1/ L'autre jour, un de mes étudiants américains désignait de "fasciste" les mouvements d'extrême-droite européens. Je lui répondait que le mot fasciste, très polémique, devait être conservé pour la désignation historique du XX° s et qu'il valait mieux parler, en ce XXI° siècle, de populisme : et je prenais l'exemple des "tea party", ce mouvement ultra-conservateur qui regarde Fox News aux États-Unis, pour faire la comparaison. J'ai senti beaucoup de surprise et de perplexité dans les yeux de mon Américain, qui n'avait jamais songé à cette assimilation.
2/ Cette perplexité m'a fait également réfléchir.
A la suite notamment de mon billet récent sur le populisme en Europe.
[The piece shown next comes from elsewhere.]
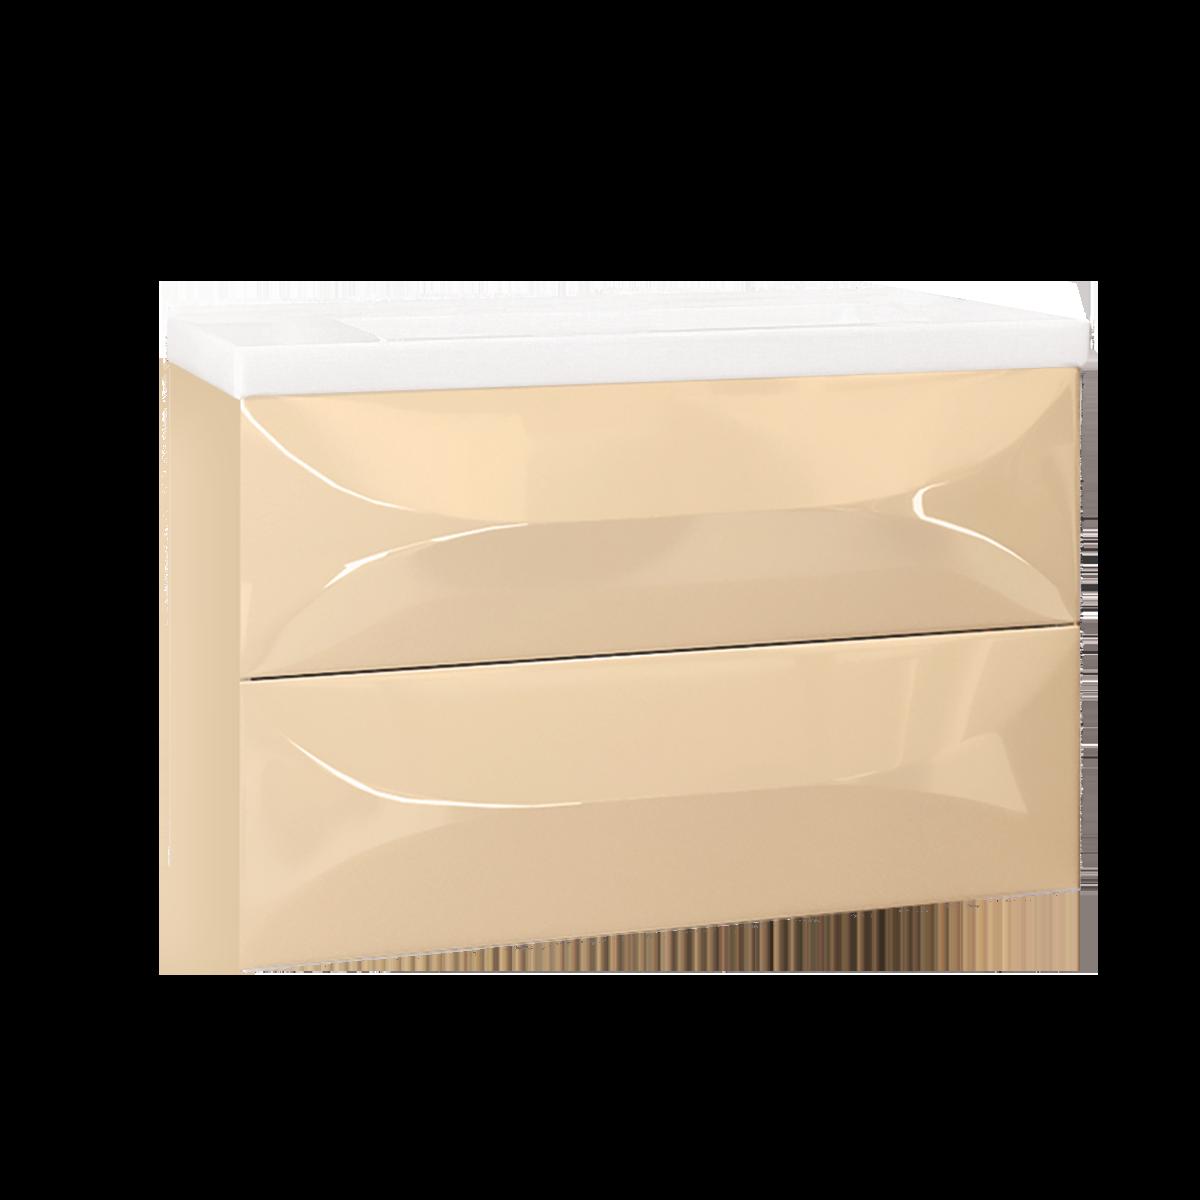 Тумба Elegant 80П 2в.я. Vanilla - купить в Чебоксарах по цене 23 330 Р в интернет-магазине Marka

Souvenez-vous ; je cantonnais ça à un certain noyau péri-carolingien. L'exemple des tea-party me fait penser à une autre hypothèse.
3/ En effet, tous ces mouvements refléteraient le trouble de populations "occidentales' marquées par un déclin, ressenti (la question n'est pas ici de discuter de la réalité du déclin, autre sujet), et qui s'élèveraient contre elle par cette expression radicale.
4/ En effet, je note un déclin américain, que je dessine à petites touches au long de ce blog. Je constate aussi (de façon très nette depuis ces trois derniers mois) un déclin européen. Bref, les deux pôles de ce qu'il est convenu d'appeler l'Occident perdent leur influence relative. Rien de bien nouveau. Mais on voit bien que ce déclin est consécutif à la mondialisation entamée au cours des années 1990. Et que cette ouverture internationale, si elle profite à certains, ne profite pas à l'ensemble des "Occidentaux' (là encore, avec les guillemets d'usage).
5/ On aurait ainsi une inversion du vocabulaire politique. Une droite autrefois "protectionniste" et conservatrice qui est désormais partisane d'une ouverture maximale (libéralisation); une gauche autrefois internationaliste qui doit désormais évoquer la protection pour exprimer sa solidarité. Or, cette inversion ne se retrouve pas encore dans les programmes des uns et des autres. Devant ce vocabulaire politique brouillé et donc opaque, beaucoup des classes "populaires" se réfugieraient dans des comportements "populistes".
Le populisme que je croyais circonscrit à certains lieux européens serait alors un phénomène "occidental" : un refus de l'évolution du monde tel qu'il se bâtit depuis vingt ans.